The Pattern: Machine Learning Natural Language Processing meets VR/AR
The challenge
The medical profession put a lot of effort into collaboration, starting from Latin as a common language to industry-wide thesauruses like UMLS. Yet if full of scandals where publication in the prestigious journal would be retracted and the World Health Organisation would change its policy advice based on the article. I think “paper claiming that eating a bat-like Pokémon sparked the spread of COVID-19” takes a prize. One would say that editors in those journals don’t do their job, and while it may seem true, I would say they had no chance: with a number of publications about COVID (SARS-V) passing 300+ per day, we need better tools to navigate via such flow of information.

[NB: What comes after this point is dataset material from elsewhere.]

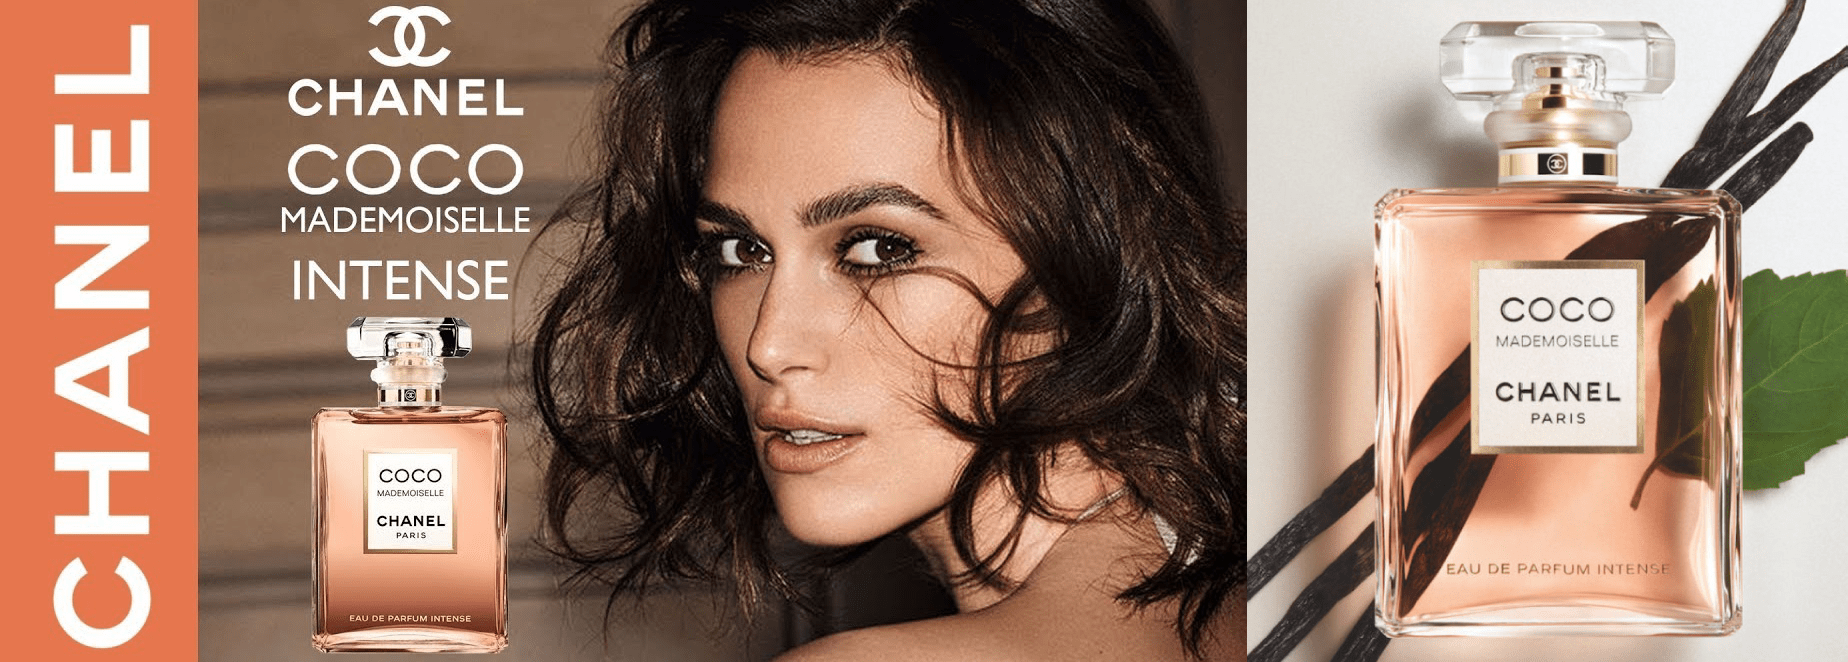 Chanel Coco Mademoiselle EDT For Women - 100 ml   Buy Online   Ubuy Kuwait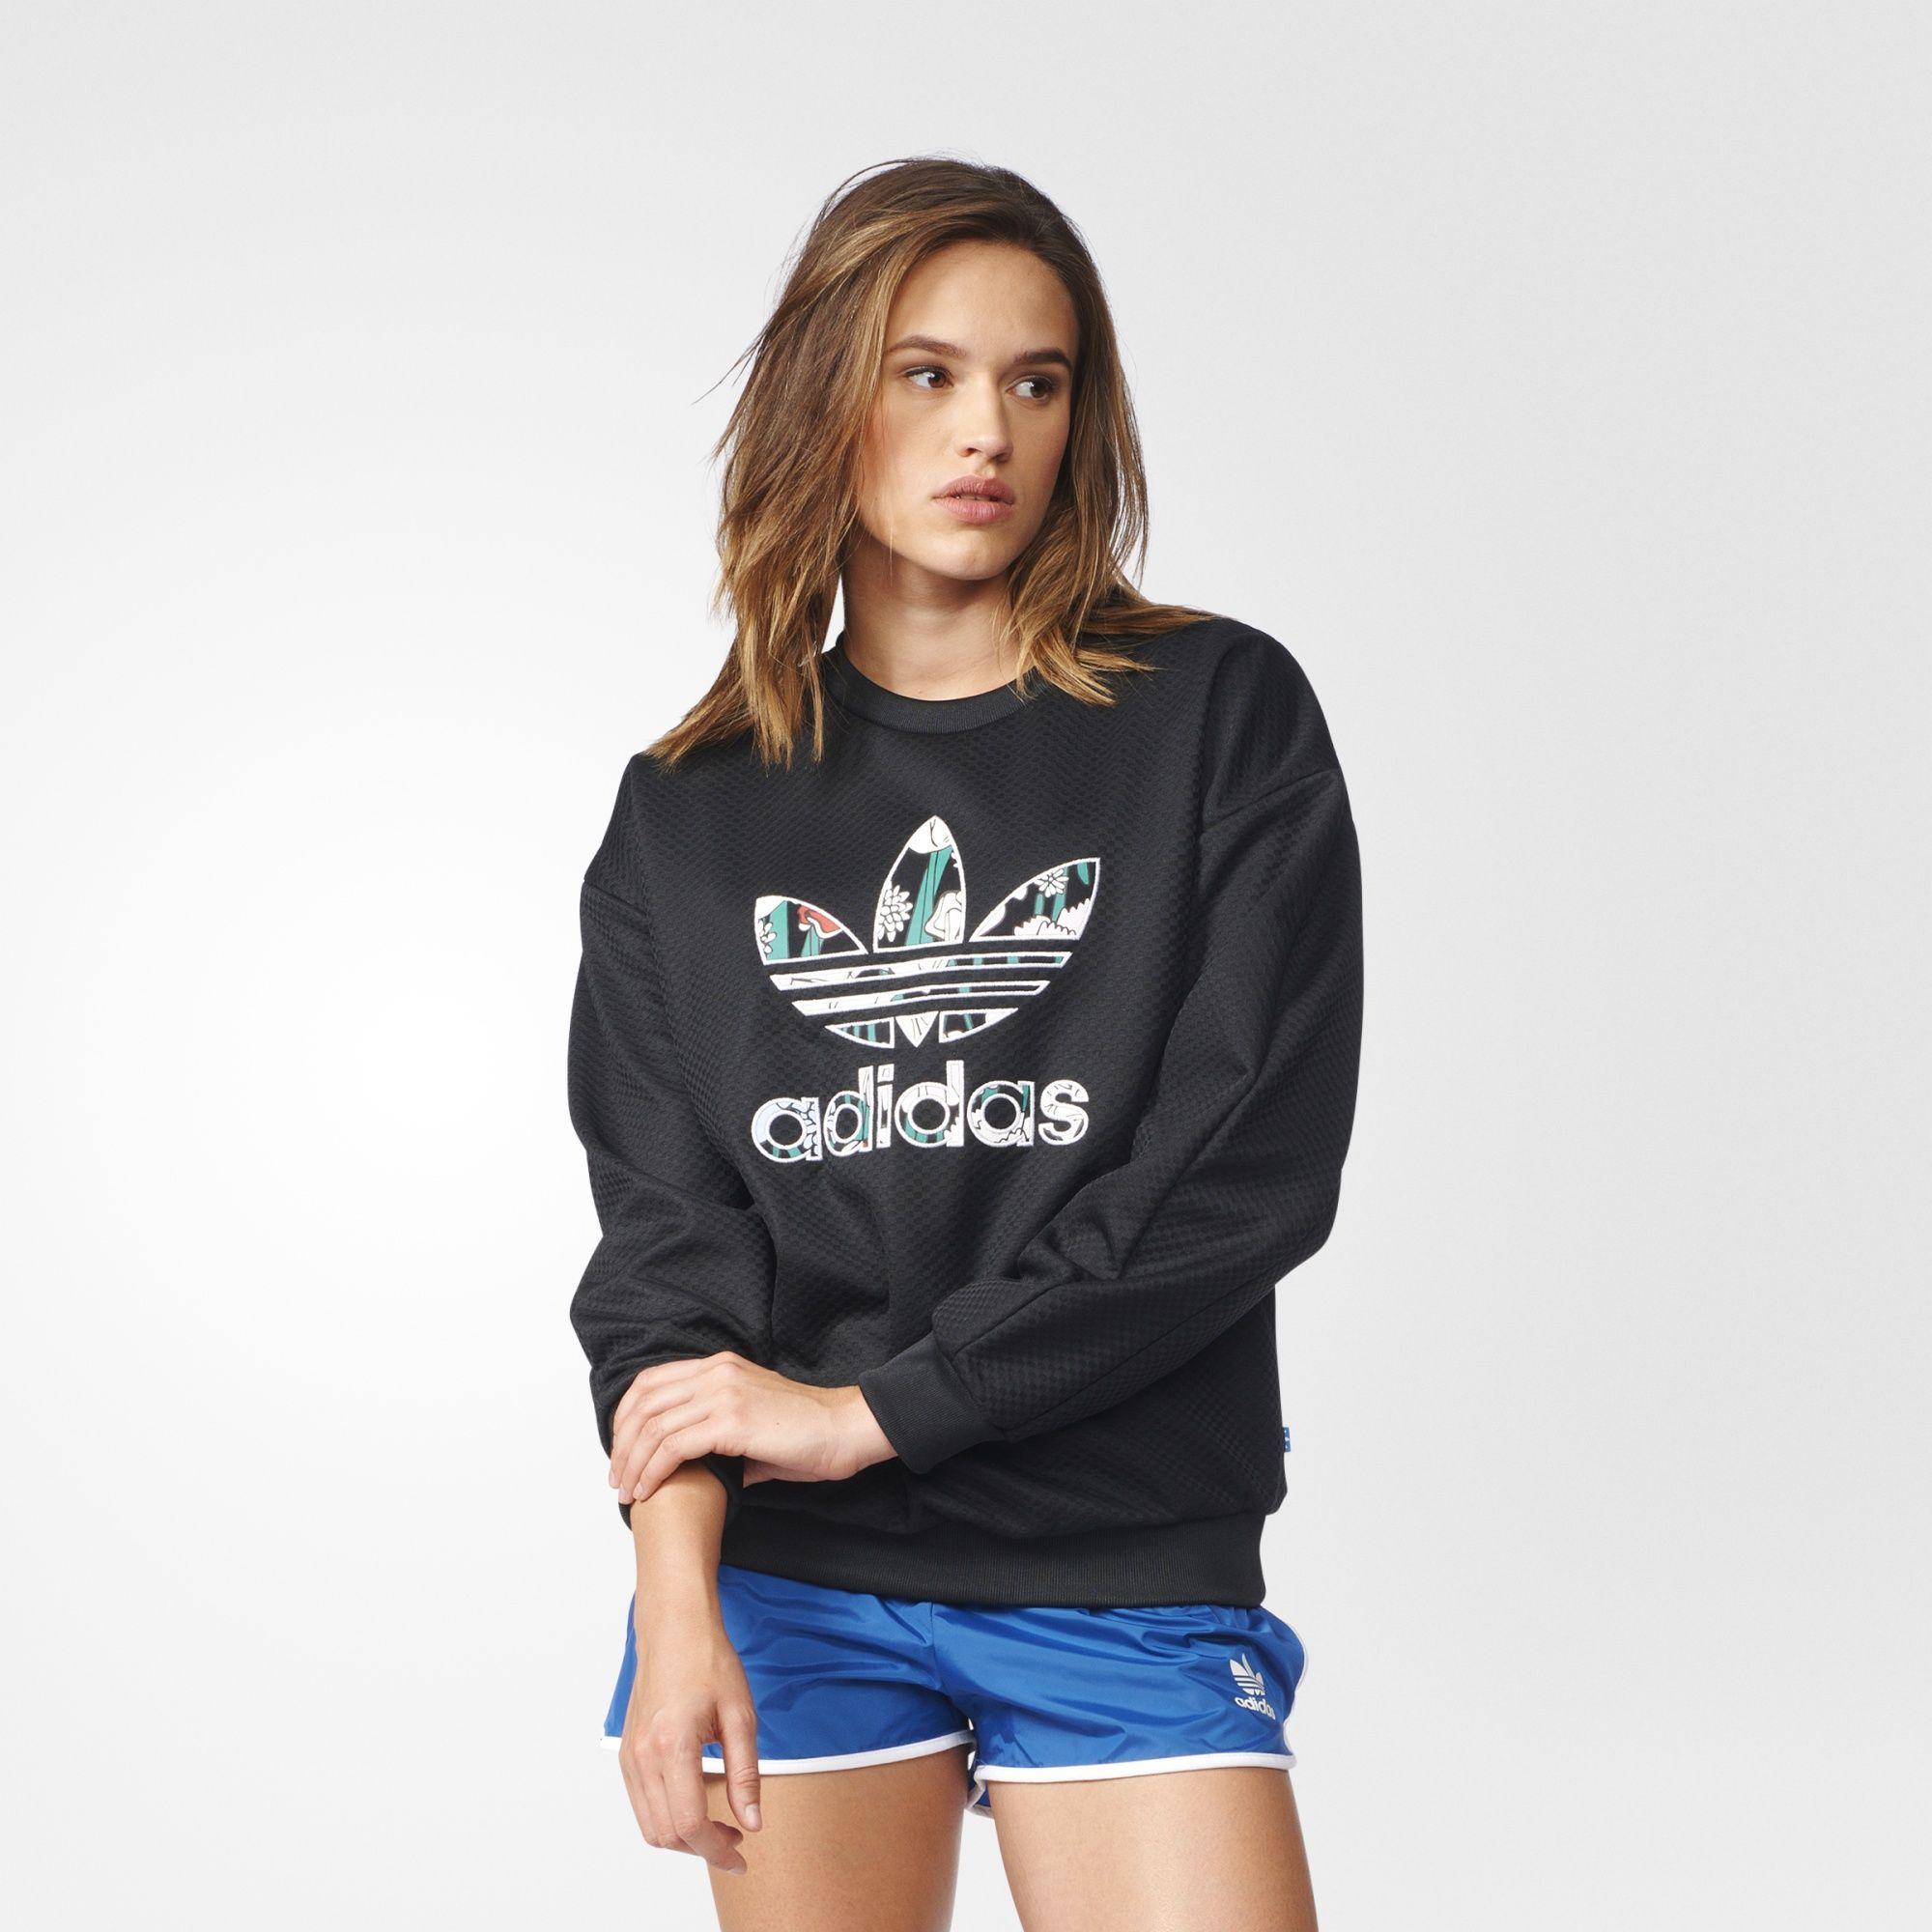 Adidas Trefoil Sweatshirt Sweatshirts Women Hoodies Sweatshirts Hoodies Womens [ 2000 x 2000 Pixel ]

When I am exploring topics on science or engineering, I look at the diversity of the opinion, not the variety of the same cluster of words, same thought. I want to avoid confirmation bias. I want to find articles relevant to the same concept, not necessarily the ones which have similar words. My focus is to build a natural language processing pipeline, capable of handling a large number of documents and concepts, incorporating System 1 AI (fast, intuitive reasoning) and System 2 (high-level reasoning) and then present knowledge in a modern VR/AR visualisation. Search or rather information exploration should be spatial preferably in VR (memory palace, see Theatre of Giulio Camillo). A force-directed graph is a path towards it, where visuals are assisted by text — relevant text pops up on the connection and where people explore the concepts and then dig deeper into text. The purpose of the pipeline that knowledge should be re-usable and shareable.